Alien Encounter was a very unique attraction compared to others you’d might expect from a Disney park. Instead of the usually cheery nature Disney rides have, this one actually was pretty dark comparatively. The ride had not one, but two preshow’s. The first one guests are ushered into the “Tomorrowland Interplanetary Convention Center” for a demonstration of new alien technology from an alien corporation known as X-S Tech. The sinister sounding chairman of the company named Clench, goes on about the work and claims his corporate philosophy “If something can’t be done with X-S then it shouldn’t be done at all.” Afterward everyone is moved to preshow number two where they’re introduced to an X-S robot named S.I.R. voiced by Tim Curry. S.I.R. then describes how the company’s teleportation process is “practically painless” while using a cute little alien animatronic named Skippy. The creature’s burned and disoriented appearance after being teleported a short distance across the room, suggested the technology was flawed. While teleporting Skippy back across the room, S.I.R. paused the process, demonstrating how the technology could be used to suspend subjects in teleportation indefinitely. After the chaos that was S.I.R.’s “harmless” teleportation demonstration you’re sat and harnessed into your seat surrounding a giant glass tube called the “teleportation tube”.

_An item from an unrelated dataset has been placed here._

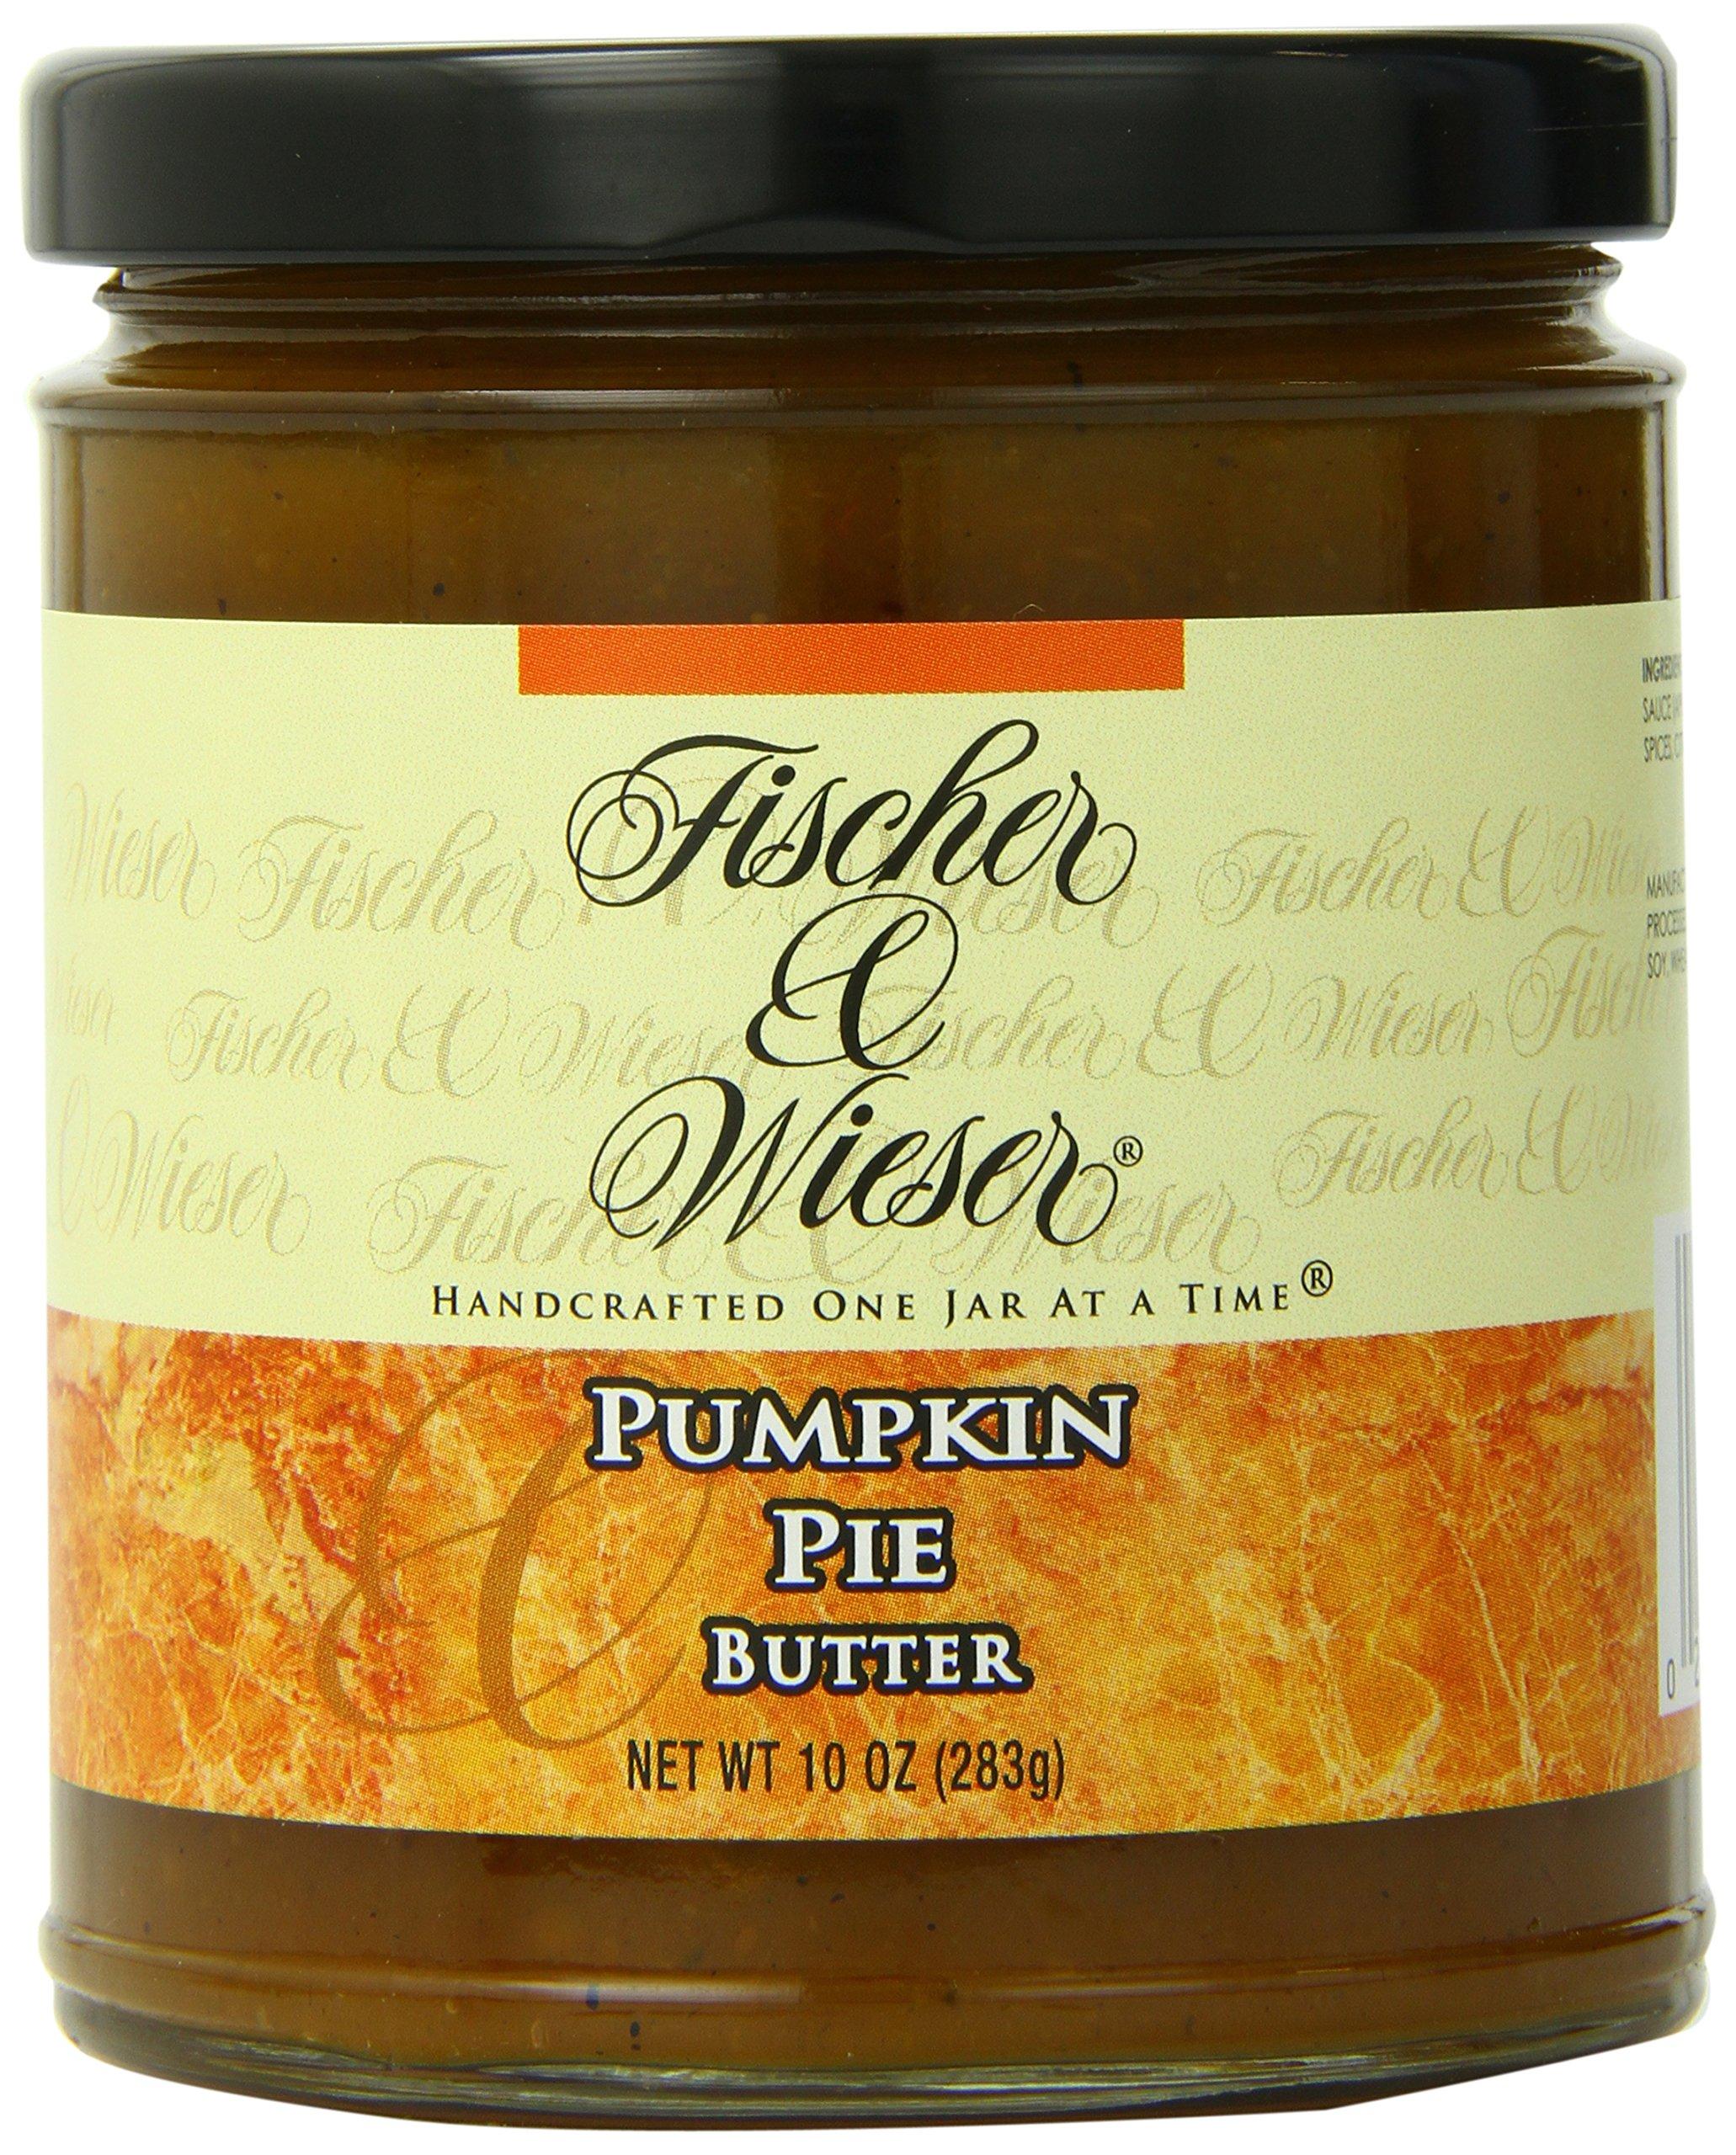 Fischer & Wieser Specialty Foods Pumpkin Pie Butter, 10.9 Ounce

Clench and two X-S employees communicate to the audience live from across the galaxy via video screens. Initially, a single guest was to be teleported out of the chamber for a meeting with Clench. Instead, Clench was “seized” by inspiration and decided to have himself teleported into the chamber to meet the entire group. Clench’s change of plans caused the teleportation signal to be sent to a distant unknown planet. As a result, instead of the chairman coming through the tube, it was a giant, winged, horrifying alien. The alien escaped very quickly, however, as darkness and flashes of light revealed the shattered and empty teleportation tube.
The guests are then stranded in total darkness as a technician tries to turn on the power but is mauled by the creature and liquid is sprayed into the audience. Afterwards, the seats shake as the alien walks around the theatre feeling the breath of the creature on the back of their necks. The power finally comes back on and with assistance from two other technicians are able to put the alien back in the tube, however overpowering the tube caused the alien to explode before it could fully close. The two technicians bid the guests farewell and resume in the search for the lost chairman. Alien Encounter closed in 2003 to make room for Stitch’s Great Escape which opened the next year.
The most recent attraction that spot had was Stitch’s Great Escape. Running for 14 years and closing in January 2018. Like with the attractions before it, Stitch’s Great Escape was a similar concept but much more family friendly. Stitch bring on the loose was much less scary than what was happening in Alien Encounter! Since it’s closure, the spot has been pretty vacant. Used afterwards mainly for Stitch meet and greets before covid, but in 2020 the sign was taken down with no news as to what’s going to replace the Lilo & Stitch themed attraction. Any guesses as to what could be next in this location? Hopefully we all find out soon, but until then, we still have a lot of memories of the attractions that were previously there.